La multiplication des crises systémiques
Parce qu’ils sont interconnectés, les différents secteurs sont vulnérables à des crises qui vont contaminer les autres secteurs et ainsi devenir systémiques. C’est le principe de l’effet domino ou de réaction en chaîne. L’interconnexion et l’interdépendance des secteurs fait que si l’un est en crise, les autres le seront aussi, ce qui crée un cercle vicieux aggravant la dureté des crises en série et accélérant la possibilité d’effondrement.

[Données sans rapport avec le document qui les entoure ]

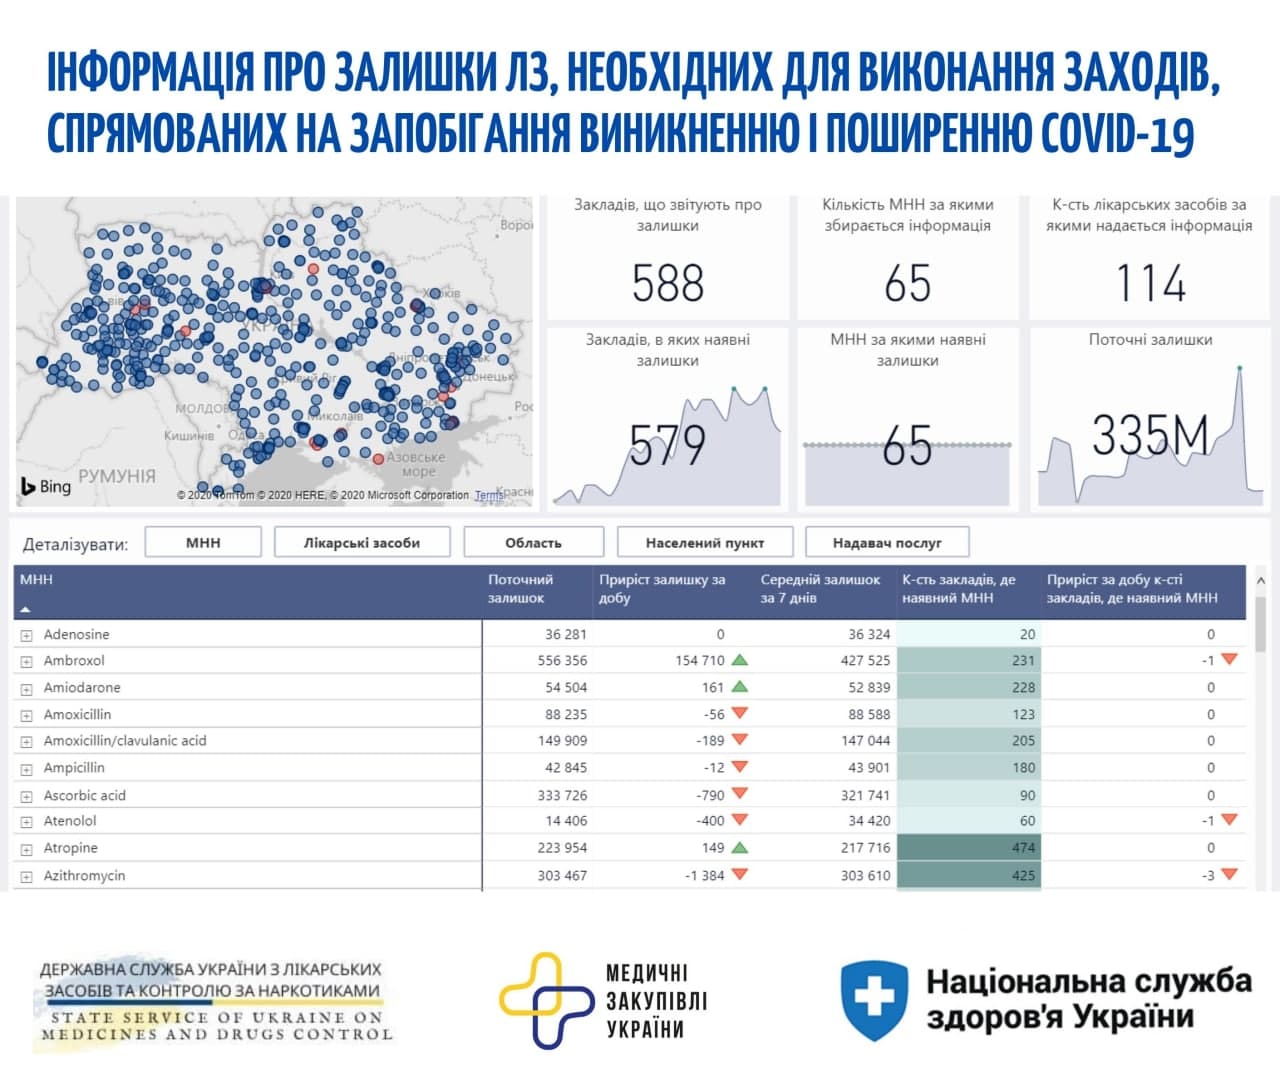 В Украине появилась карта наличия в больницах и аптеках лекарств от ковида

Deux perspectives qui s’affrontent
Deux visions s’opposent face à cette théorie de l’effondrement, la vision optimiste, et la pessimiste.
La vision pessimiste
La vision pessimiste est autant portée par des travaux scientifiques (le rapport du Club de Rome par exemple) que par des œuvres de fiction comme Mad Max et autres dystopies. Il faut dire que cette vision a quelque chose de fascinant pour notre humanité qui a toujours aimé mettre en scène sa propre fin, soit à travers la religion (avec l’Armageddon), soit à travers le folklore (on peut penser au calendrier Maya ou à la prédiction de Paco Rabanne sur l’apocalypse en l’an 2000).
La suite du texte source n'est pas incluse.